Arrays of microlenses (lenslet arrays) that are purely refractive have been fabricated on the surface of silica-based glasses, using various techniques. In the case of glasses, a technique called reflow has been used. For glass and other materials one can use direct fabrication methods such as diamond turning, or etching through a photoresist mask. Circular, hexagonal, square and cylindrical arrays have been formed, with individual lens size of the order of tens of microns. Similar techniques have been used for infrared transmitting glasses and crystals, such as Ge, Si and ZnSe. Manufacturers of such optical elements include MEM Optical Inc. of Huntsville, Al. and Adaptive Optics Associates of Cambridge, Mass.
There are two new families of surface-relief micro-optical elements: continuous relief optical elements and binary optical elements. Such diffractive optics elements (DOE) are called planar, because their relief amplitude is normally less than 10 μm. These optical elements are designed to convert an incoming light beam into a predetermined output beam. The output beam can be focused into a point, or shaped like a cross, or a ring or any other light pattern. Diffractive optical elements are used as lenses, beam splitters, diffusers etc. Towards this goal, sets of specially designed microscopic patterns are generated on the surfaces of standard, silica based, optical elements. The techniques for generating such patterns are normally based on photolithography, a method that had been borrowed from the semiconductor industry. These techniques involve the generation of a photoresist pattern on the optical element and etching the surface of the element through the pattern by chemical etching or dry etching. The diffractive optical elements can also be made on surfaces using diamond turning or laser ablation. See, for example, J. Turunen and F. Wyrowski, Diffractive Optics, Akademie Verlag, 1997. Some of these processes have been adapted for the fabrication of diffractive optics IR elements, notably by the Coherent Auburn Group of Auburn Calif., but the processes are time consuming and rather expensive.
Hybrid optical elements employ at least two of the optical technologies mentioned above. For example optical elements are made with refractive and with diffractive surfaces. This combination is used to realize some specialized optical functions. One such hybrid optical element is a traditional plano-convex lens, where a diffractive element is fabricated on the plane surface.

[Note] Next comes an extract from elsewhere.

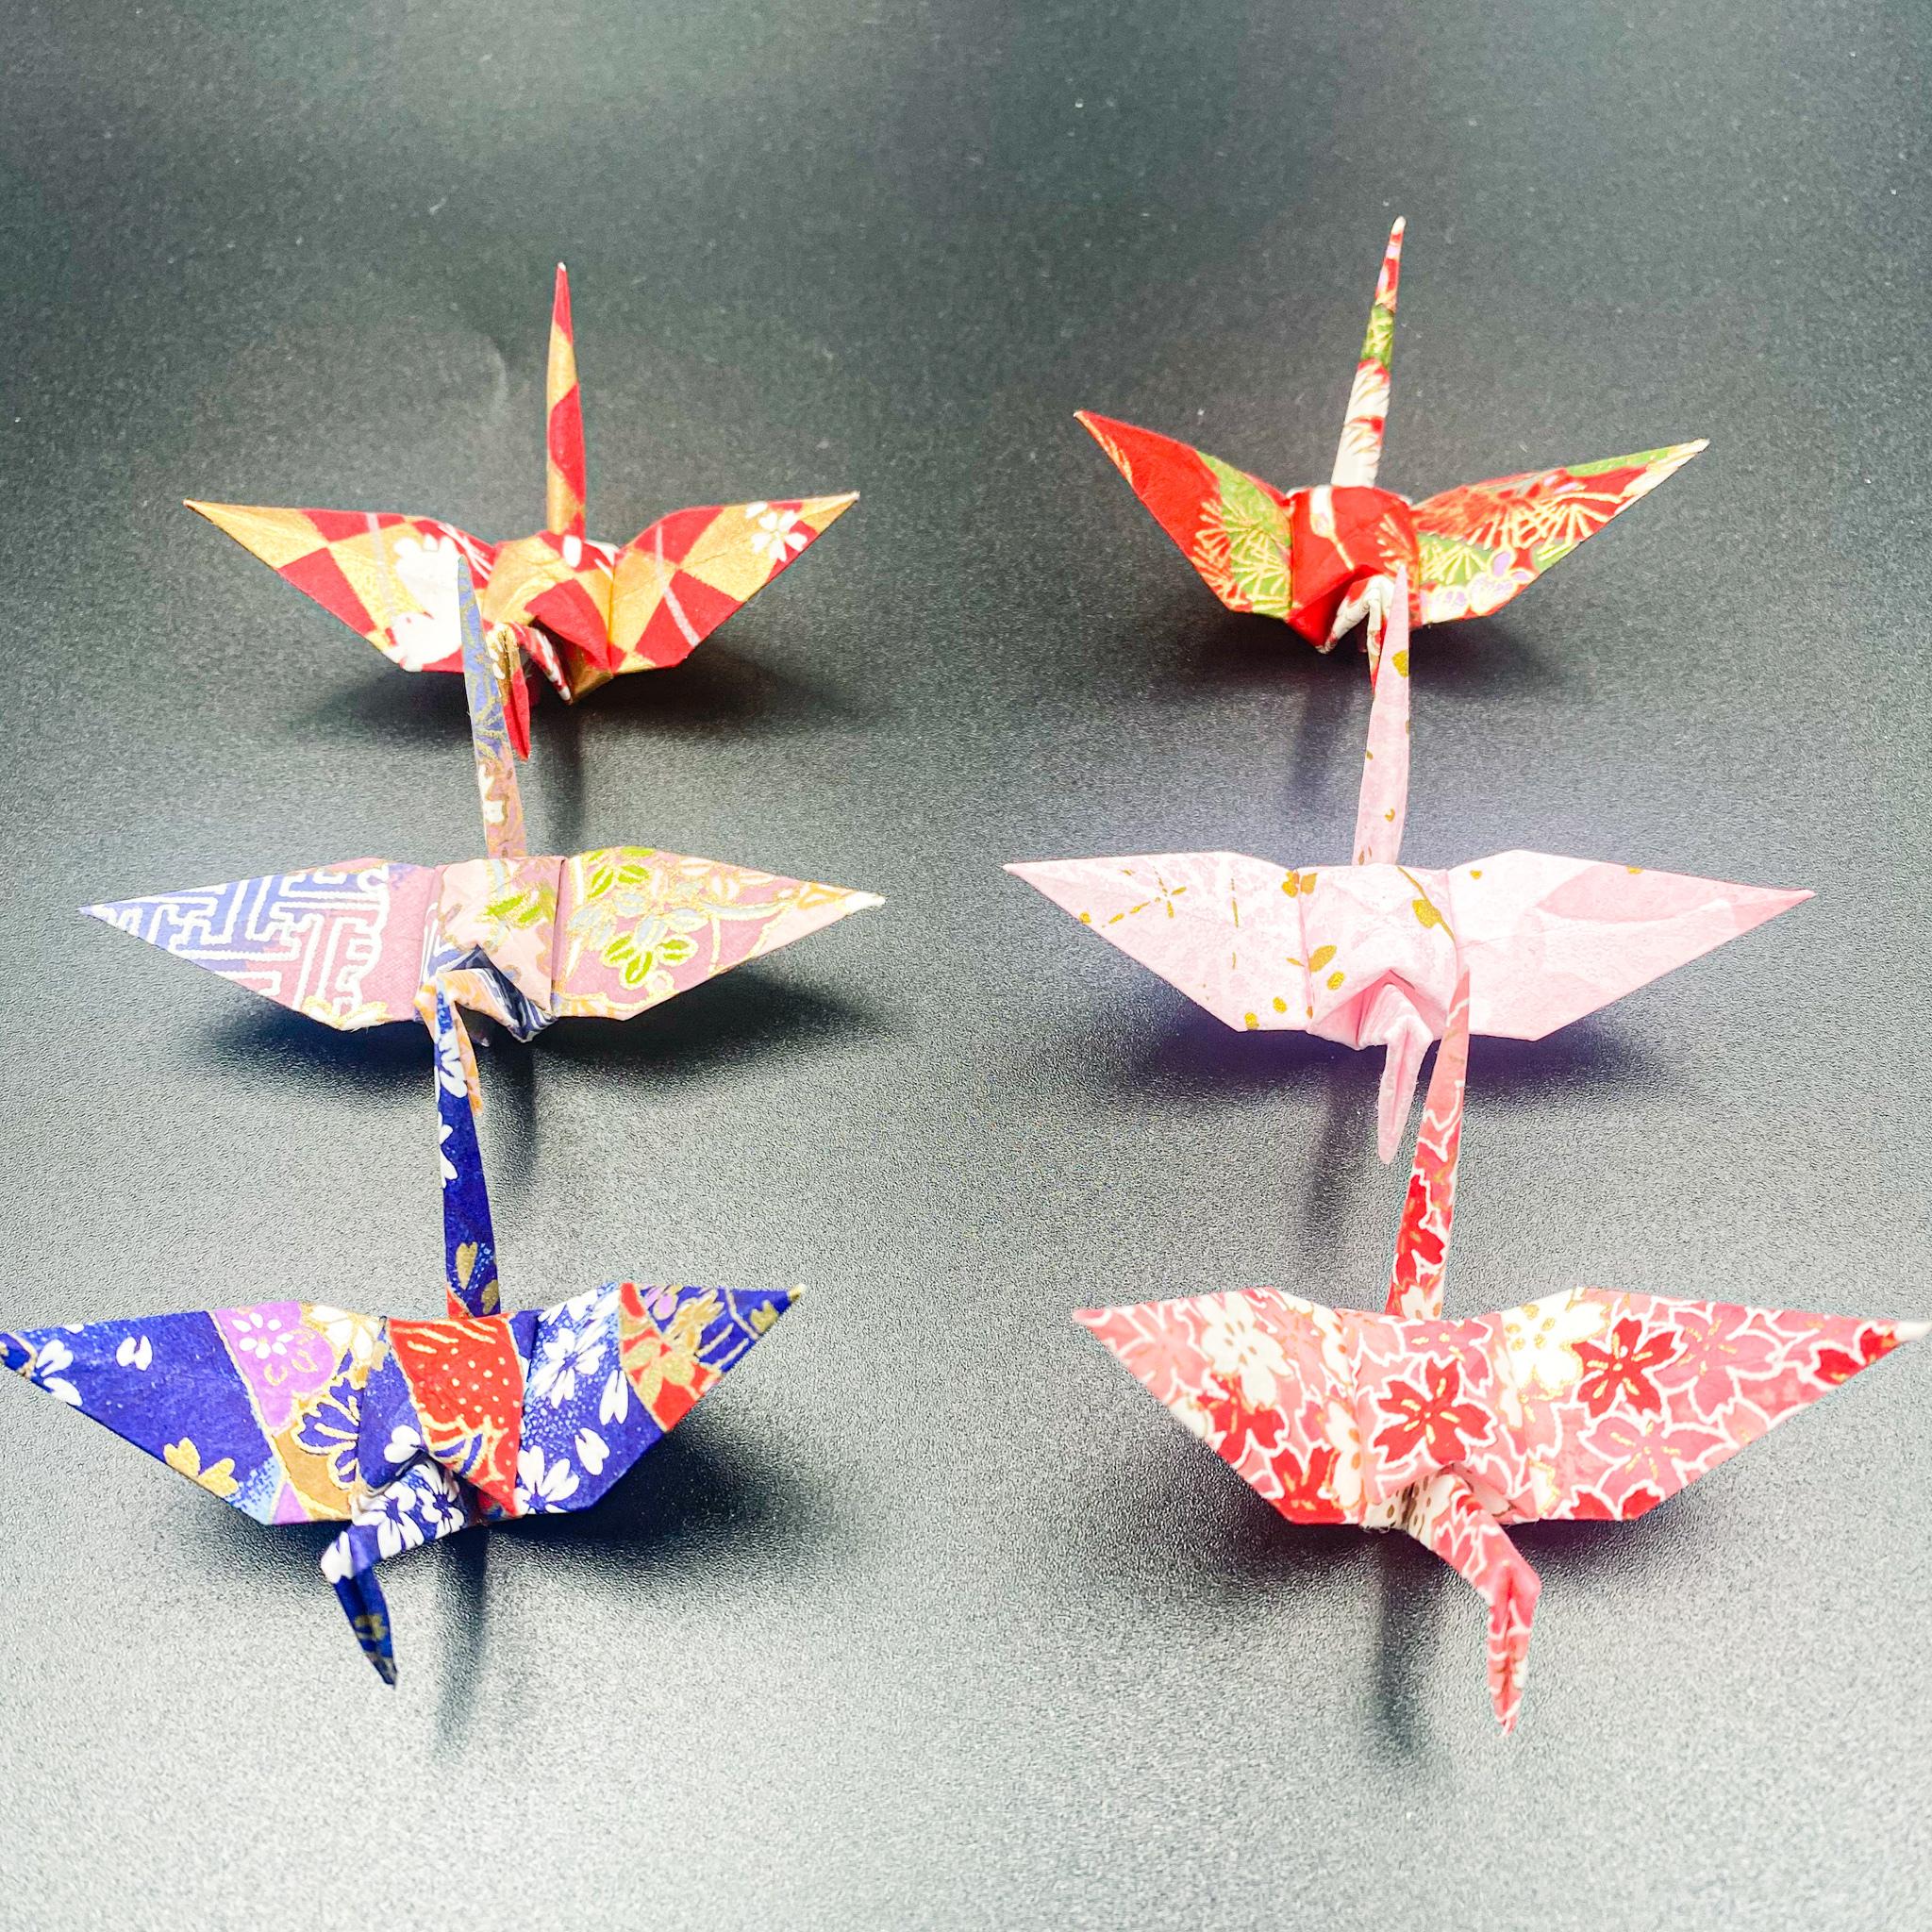 【特別記念価格】手染め和紙の折り鶴「はじまり」(神前式、和装婚折り鶴シャワー演出・和風撮影小物)80羽入り

In the visible range use has been made of highly transparent plastics such as PMMA (i.e. Lucite or Plexiglas). One of the main advantages of these plastics is that they are softer than glass and have lower melting points. It is therefore possible to mold them or to deform them at relatively low temperatures to a desirable shape. It has been found that it is possible to prepare in this fashion molded optical elements of high optical quality and very low cost. A mold, in which the cavity is formed by two or more components held together, is called a split cavity mold. In this case, after molding, the components of the mold are separated from the molded piece at the end of the molding process. This permits to form undercuts in the molded piece. These components are re-used for molding a new batch of optical elements.
These methods lend themselves easily to mass production. Such molding procedures can easily replicate a “master” and they serve in a plethora of domestic, industrial, scientific and military applications. Replication techniques have been also used for the fabrication of refractive microlens arrays from PMMA or polystyrene, for applications in the visible.
Diffractive or binary optical elements and purely refractive micro-optical elements have been mass-produced in large quantities by replication techniques. This involves the transfer of surface relief profile from a “master” surface into formable material, such as polymer. Hot embossing was used, for example, for the fabrication of Fresnel microlenses and lenslet arrays. Injection molding was used for the fabrication of micro optical lenses and for compact discs, and casting—for spectroscopic gratings. These methods can be used for replicating any surface relief microstructure with very high resolution, at an extremely low cost. Such elements are available, for example, from Digital Optics Corporation of Charlotte, N.C., and from Lasiris of St. Laurent, Quebec, Canada.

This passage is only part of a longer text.